ESG funds have become more popular in recent years. Investors poured $69.2 billion into them in 2021, an annual record, according to Morningstar. However, uptake in 401(k) plans has been slow.
The Inflation Reduction Act is expected to boost overall popularity. The law, which President Joe Biden signed into law in August, represents the largest federal investment to fight climate change in American history.
What the new Biden ESG rules do
Employers have a legal duty to thoroughly evaluate funds’ risk and return when choosing 401(k) plan investments; they cannot subordinate the financial interests of workers in favor of a cause such as, for example, climate change.
The new ESG rules do not change these duties.
However, they explain that businesses can include “the economic effects of climate change and other ESG considerations” when making investment choices — something that Lisa Gomez, assistant secretary of labor for the Employee Benefits Security Administration, called “common sense.”
“While climate change is a critical issue, it is not [just] that’s what this rule is about,” Gomez said.
Employers also do not violate their legal duty to consider workers’ ESG interests when putting together a series of 401(k) investment funds, according to the new rule; this could lead to more engagement among workers and therefore more retirement security, it said.
The action by the Biden administration on Tuesday follows a directive from March 2021 that it would not enforce the Trump-era rules.
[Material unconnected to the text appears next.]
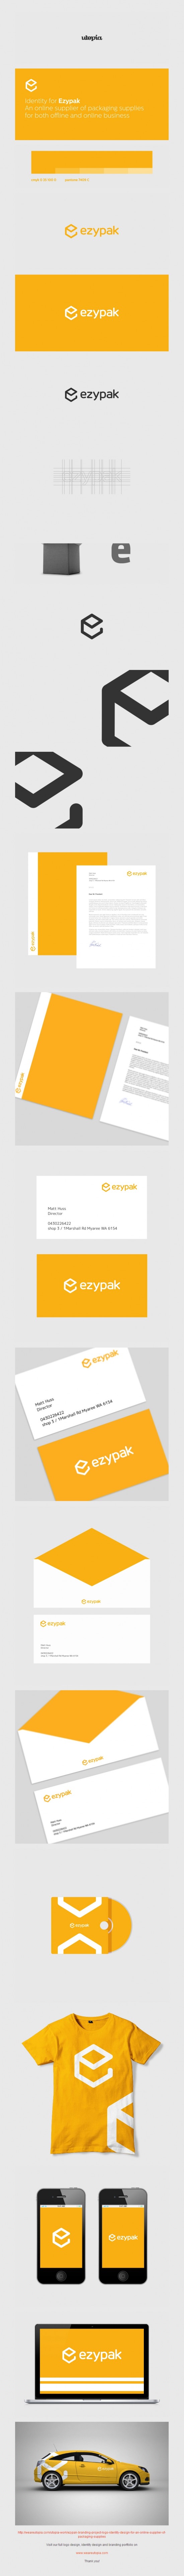 Ezypak logo and corporate identity design by Utopia Branding Agency2
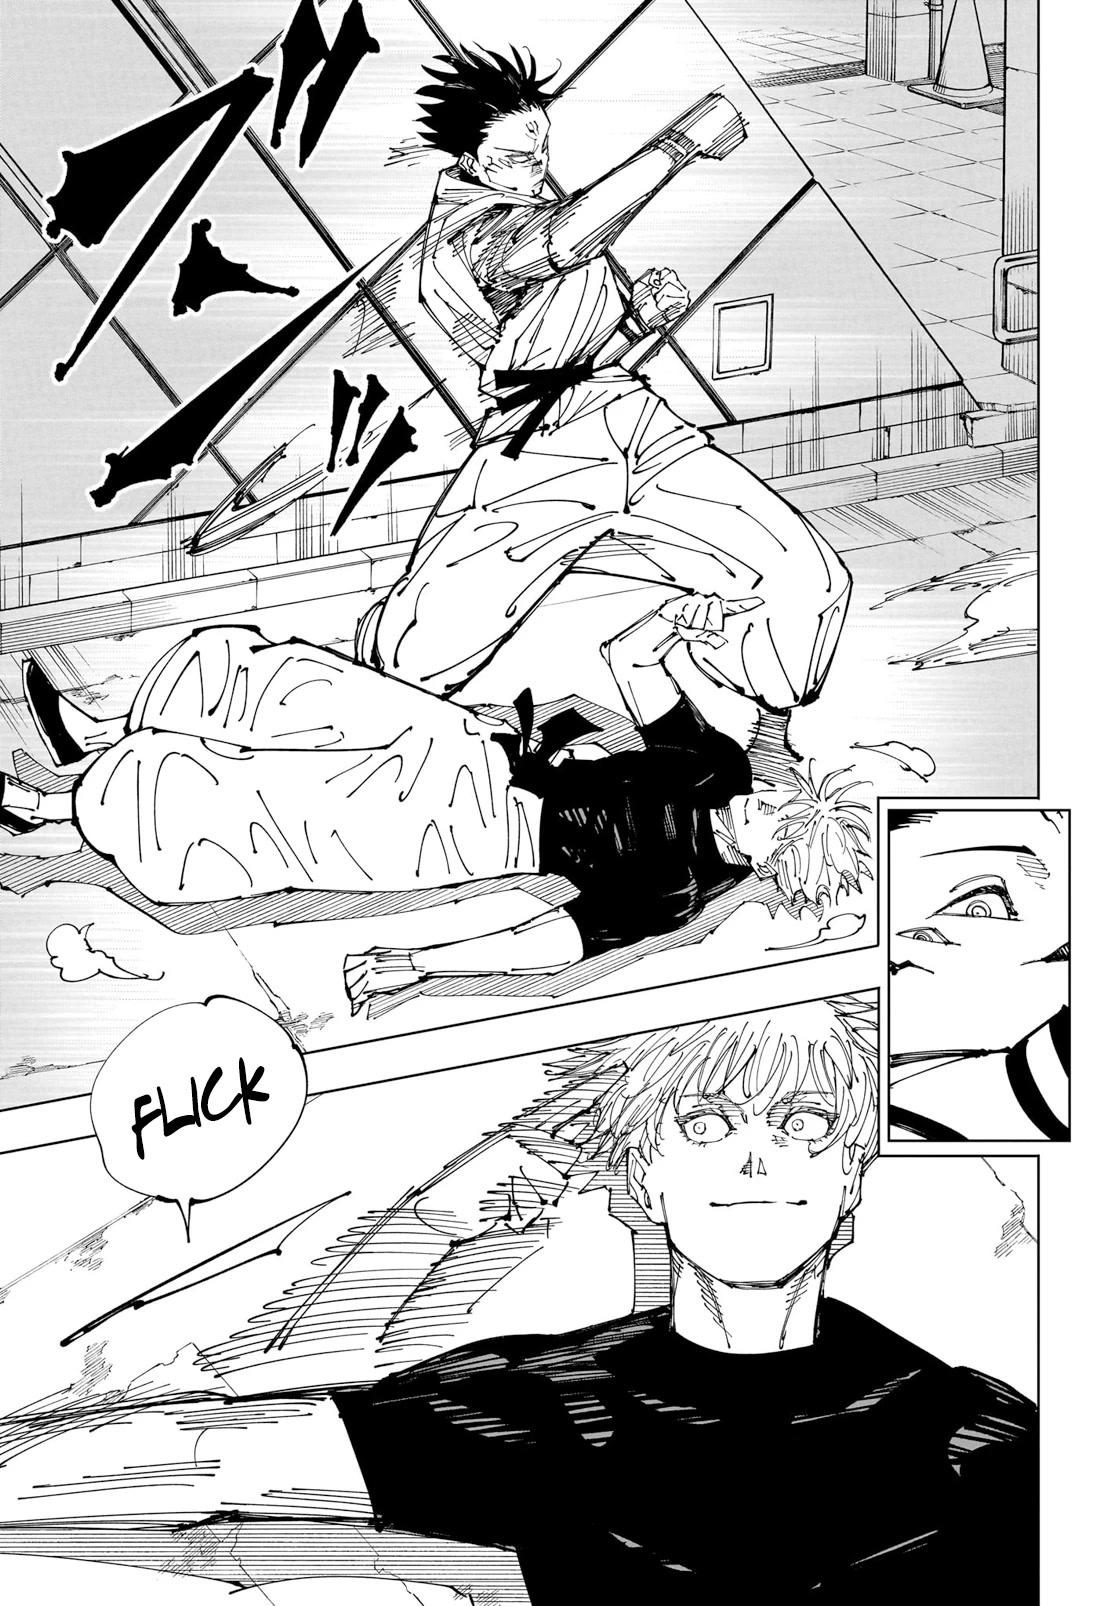 Jujutsu Kaisen Chapter 224: The Decisive Battle In The Uninhabited, Demon-Infested Shinjuku ② page 6 - Mangakakalot

The administration then proposed a review of those rules in October 2021; Tuesday’s action updates that proposal according to comments received from the public.
The new Biden regulations scrap certain elements of the Trump-era rules that Labor Department officials said prevented employers from using ESG funds.
For example, the previous rules did not explicitly mention ESG; but they required employers to choose investments based only on “monetary” factors — a term that essentially prohibited employers from choosing funds with any kind of “moral” component, Labor Department officials said.
The new Biden administration rules wipe out that requirement.
“Whether E, S, or G, … direct or indirect, great or small, the [ESG] factor also fosters a moral component,” said a senior Department of Labor official, who spoke only on condition of background. “ESG has an inherent duality of purpose.”
The new rules also delete a restriction that prohibited employers from using an ESG fund as a default option for workers automatically enrolled in their 401(k) plans — an increasingly popular way to boost retirement security. In legal parlance, these funds are known as a “qualified defined investment alternative,” or QDIA.